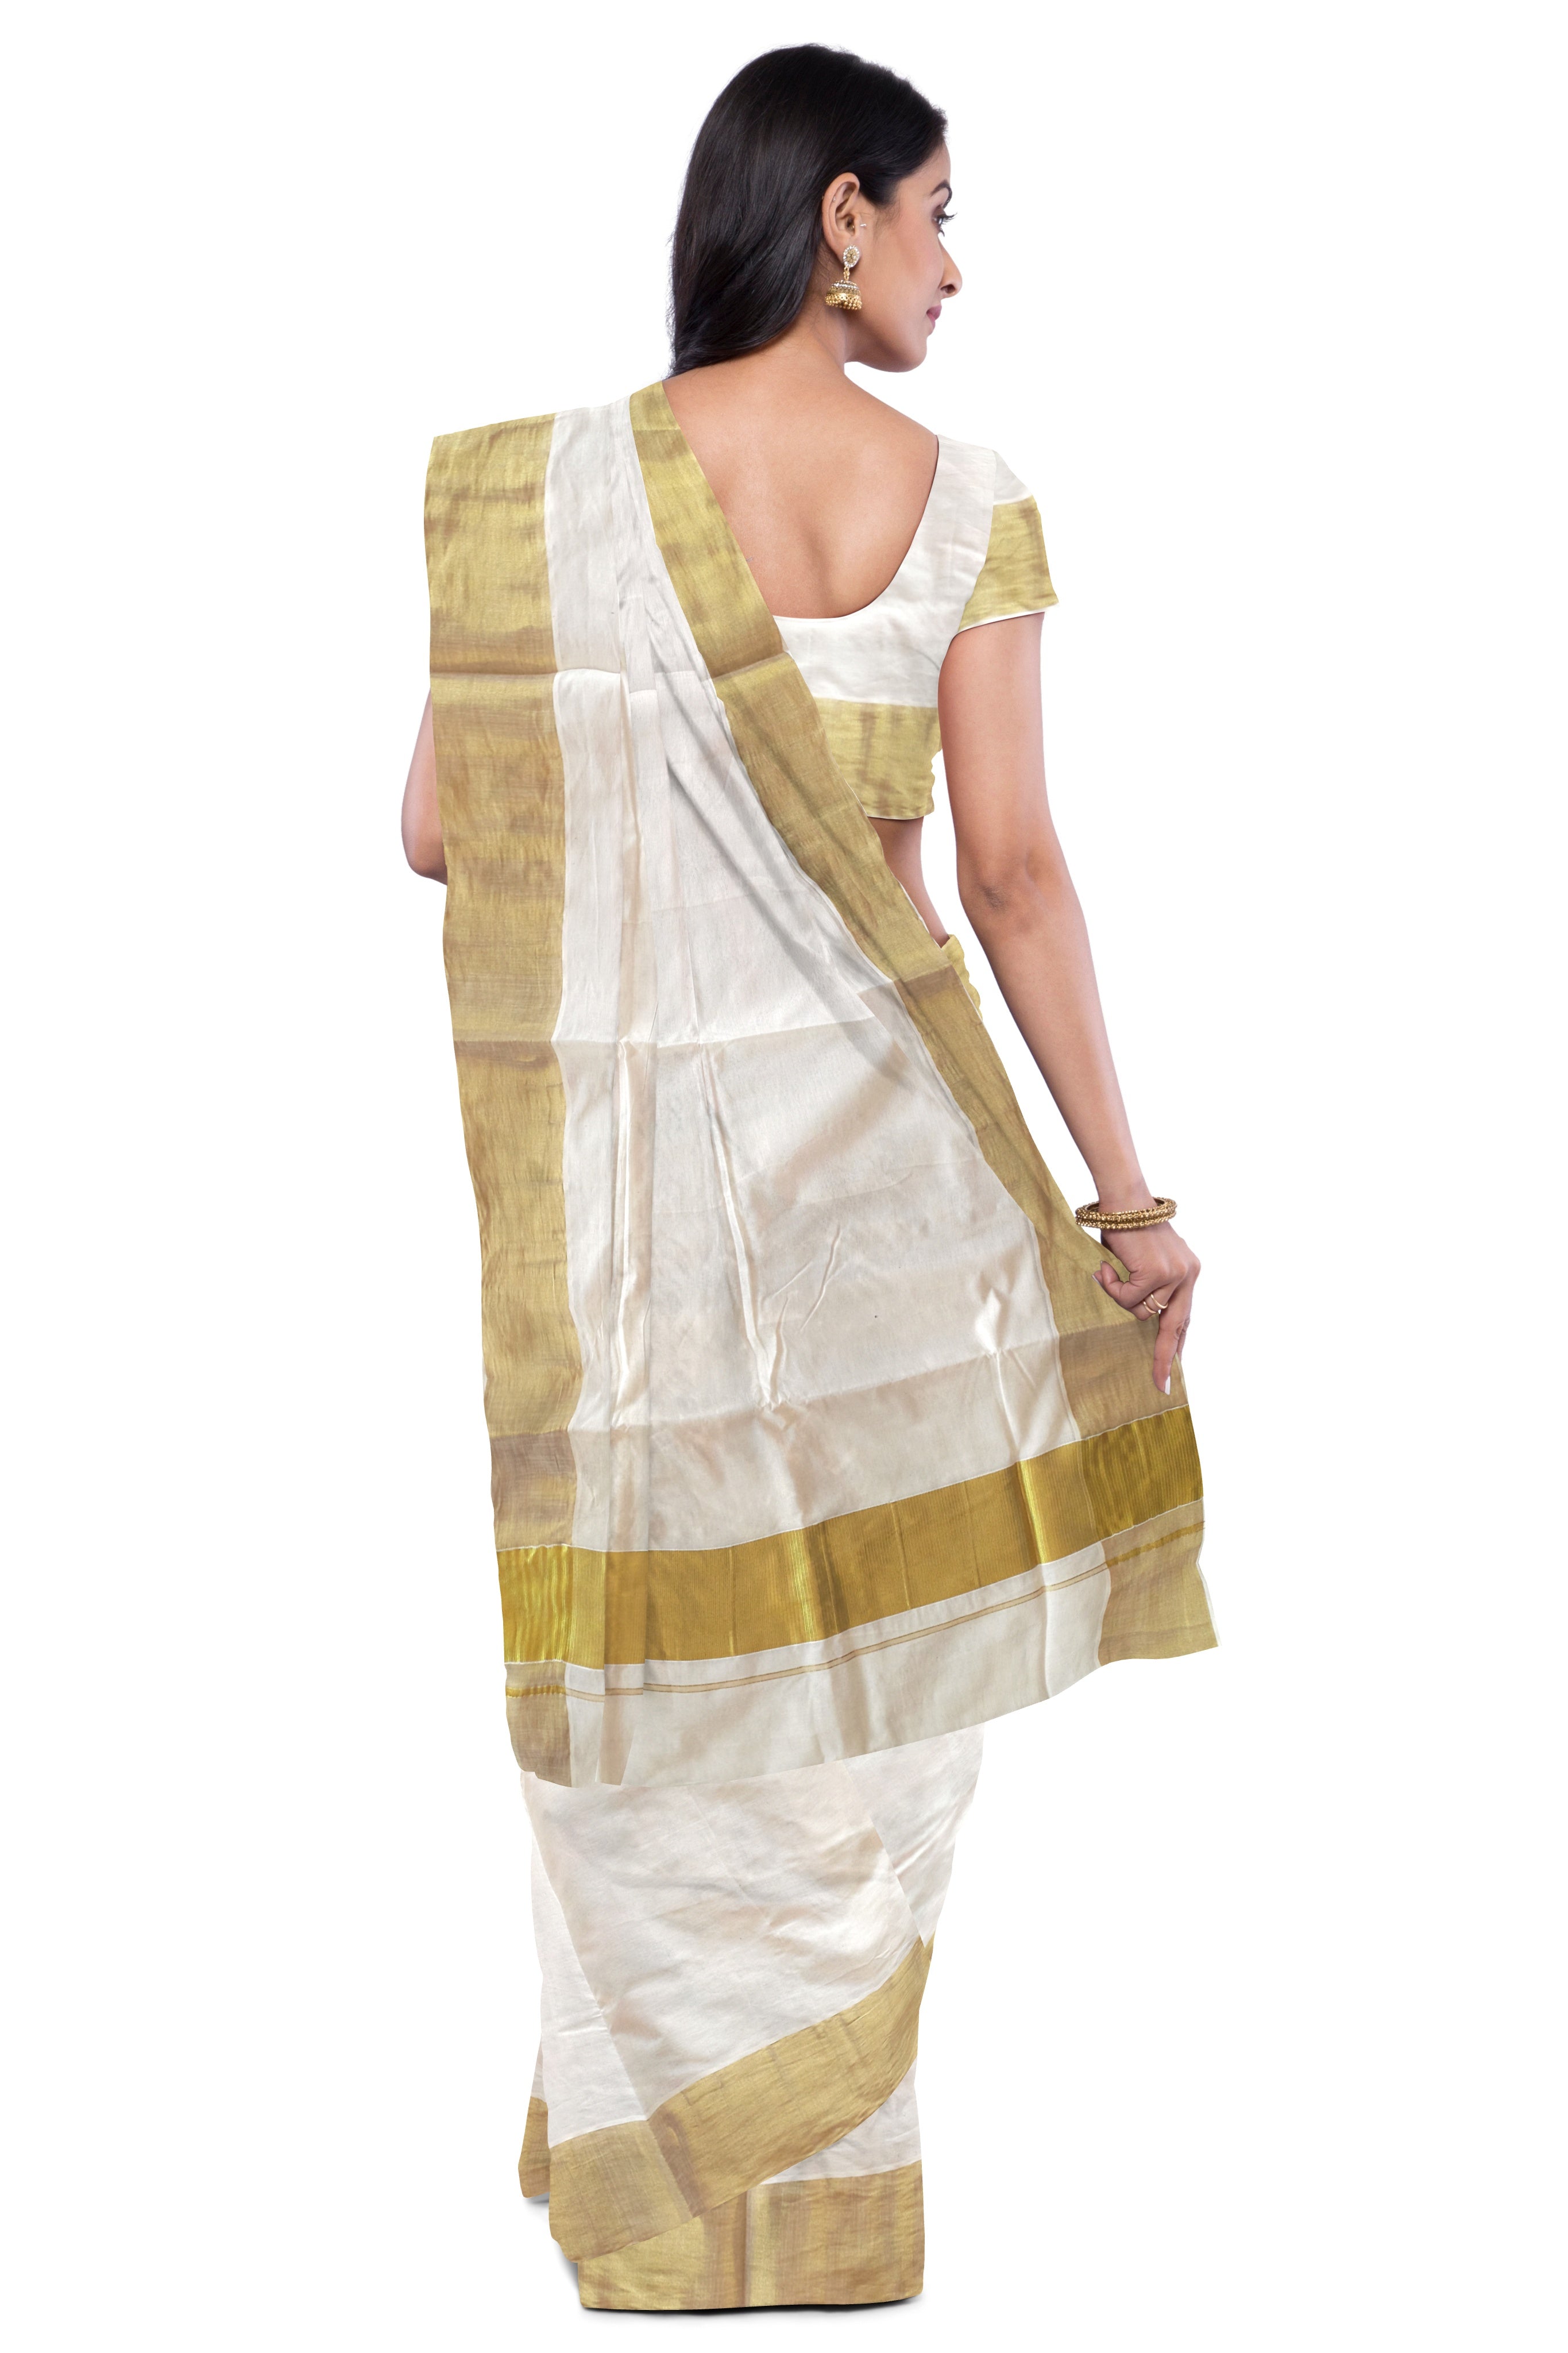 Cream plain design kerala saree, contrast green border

══════════

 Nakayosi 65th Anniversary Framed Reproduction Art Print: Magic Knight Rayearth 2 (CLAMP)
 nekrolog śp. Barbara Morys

══════════

Set down, exactly as they appear above, all lines from the one that has "Nakayosi 65th Anniversary" down to the one that has "nekrolog śp. Barbara Morys", including those two and no others.

 Nakayosi 65th Anniversary Framed Reproduction Art Print: Magic Knight Rayearth 2 (CLAMP)
 nekrolog śp. Barbara Morys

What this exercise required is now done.